Location
- Country: United States
- State: Virginia
- County: Sussex Dinwiddie

Physical characteristics
- Source: Confluence of Butterwood Creek and White Oak Creek
- • location: about 1/2 mile SW of Center Star, Virginia
- • coordinates: 37°05′06″N 77°39′46″W﻿ / ﻿37.08500°N 77.66278°W
- • elevation: about 172 feet amsl
- Mouth: Confluence of Stony Creek and the Nottoway River
- • location: Stony Creek, Virginia
- • coordinates: 36°56′51″N 77°22′50″W﻿ / ﻿36.94750°N 77.38056°W
- • elevation: about 60 feet amsl
- Length: 21 miles/34 kilometers from the confluence of Butterwood Creek and White Oak Creek

Basin features
- Progression: southeast
- River system: Nottoway River
- • left: White Oak Creek Seat Island Branch Chamberlains Bed
- • right: Butterwood Creek Rocky Run Creek Hawkins Run Mortar Branch Black Branch Sappony Creek
- Waterbodies: Richardsons Pond
- Bridges: Dinwiddie County 645 Dinwiddie County 647 US 1 I-85 Dinwiddie County 619 Dinwiddie County 609 Dinwiddie County 609 Dinwiddie County 670 Dinwiddie County 680 Sussex County 618 US 301 I-95

= Stony Creek (Virginia) =

Stony Creek is a 21 mi tributary of the Nottoway River in southeastern Virginia of the United States. The creek is formed by the confluence of Butterwood Creek and White Oak Creek in Dinwiddie County, Virginia.

==Course==

Stony Creek flows east then south from the Butterwood-White Oak Creek confluence west of the town of Dinwiddie, Virginia. It flows east again south of the town. Both US 1 and I-85 have bridges over it.

Stony Creek flows east and south, where it picks up a large tributary, Sappony Creek, just north of VA 40. From here it flows a short distance east through Stony Creek, Virginia to a confluence with the Nottoway River.

==Sources==
Stony Creek is formed at the confluence of Butterwood Creek and White Oak Creek in Dinwiddie County, Virginia. Butterwood Creek is actually longer than Stony Creek at 25 miles in length and arises near Wellville, Virginia at an elevation of nearly 400 feet amsl.
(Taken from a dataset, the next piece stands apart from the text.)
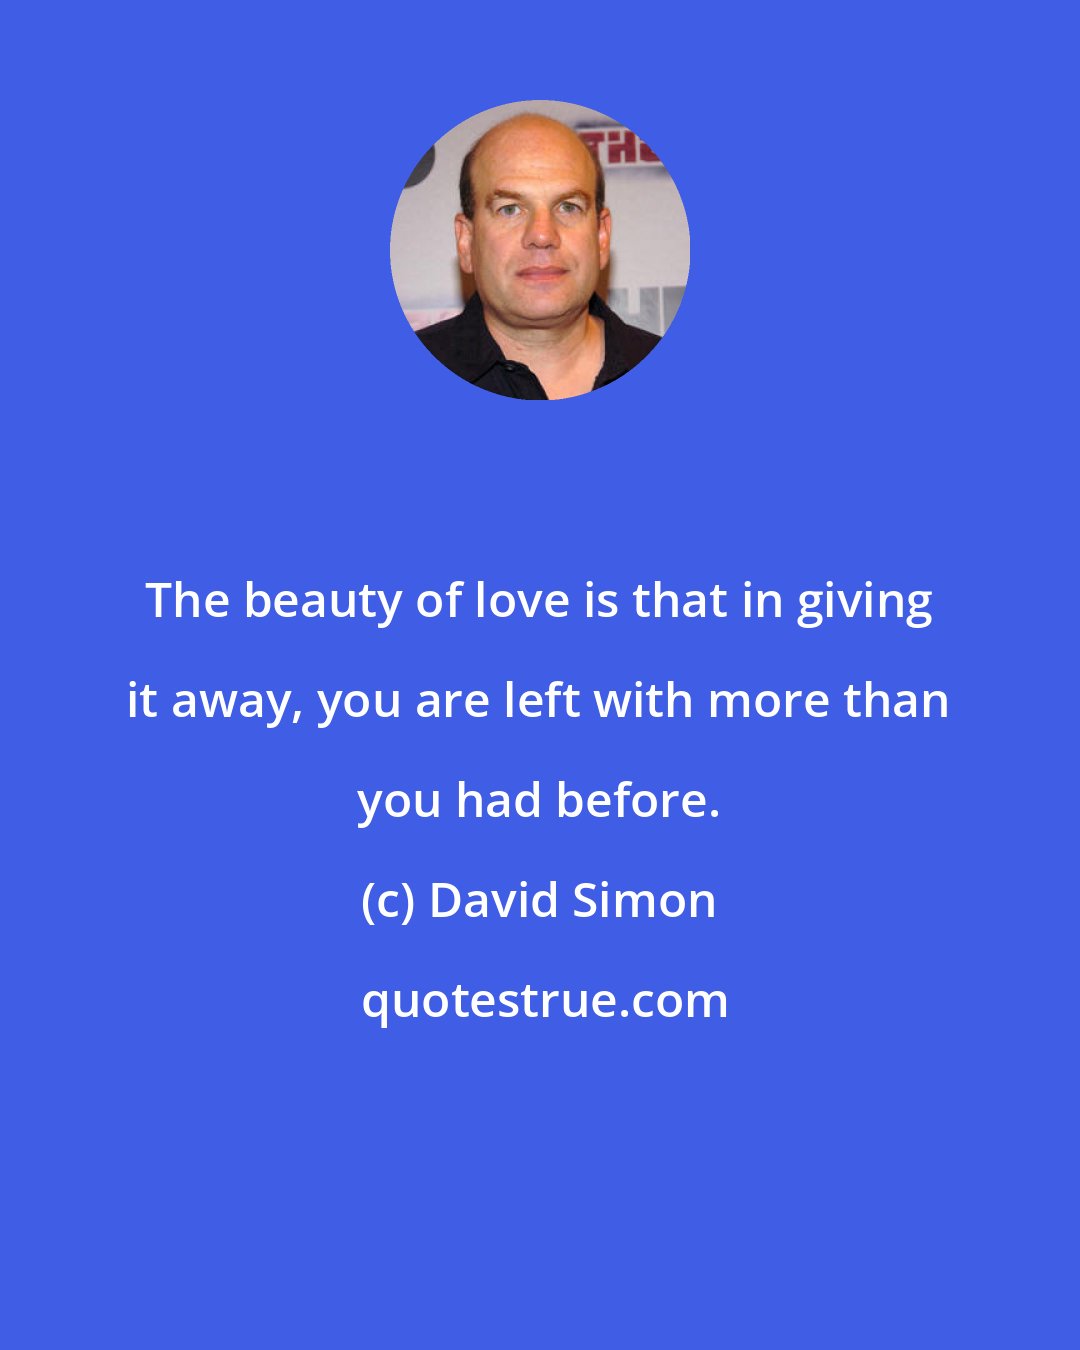 David Simon: The beauty of love is that in giving it away, you are left with more than you had before.

Butterwood Creek then flows east through swampy areas to join White Oak Creek. White Oak Creek also arises at about 400 feet amsl and about a 1/2 mile east of Butterwood Creek near Wilsons, Virginia. White Oak Creek then flows east to Colemans Lake and then takes a bend south to join Butterwood Creek.

==Watershed==
The watershed of Stony Creek is punctuated by swampy areas and narrow floodplains. It starts in the Piedmont of Virginia and flows east and south through a small gorge to the Coastal Plain southeast of Dinwiddie, Virginia. Once in the Coastal Plain it widens out and acquires a wide floodplain with fringing swamps.

==River Modifications==
Stony Creek does not have any named impoundments directly on its course. However, a number of its tributaries contain impoundments. These include Twin Lakes on Butterwood Creek, Winfields Millpond and Spiers Pond on Sappony Creek and Richardsons Pond on an unnamed tributary. Stony Creek flows under eleven bridges from the Butterwood-White Oak Creek confluence to the Nottoway River.

==Geology==
Stony Creek flows from the Piedmont to the Coastal Plain of Virginia. The forming confluence is at the edge of mafic and felsic rocks metavolcanic rocks and the Petersburg Granite. Petersburg Granite underlies most of the course and once in the Coastal Plain, it flows a short distance through the Windsor Formation and then through alluvium to the Nottoway River.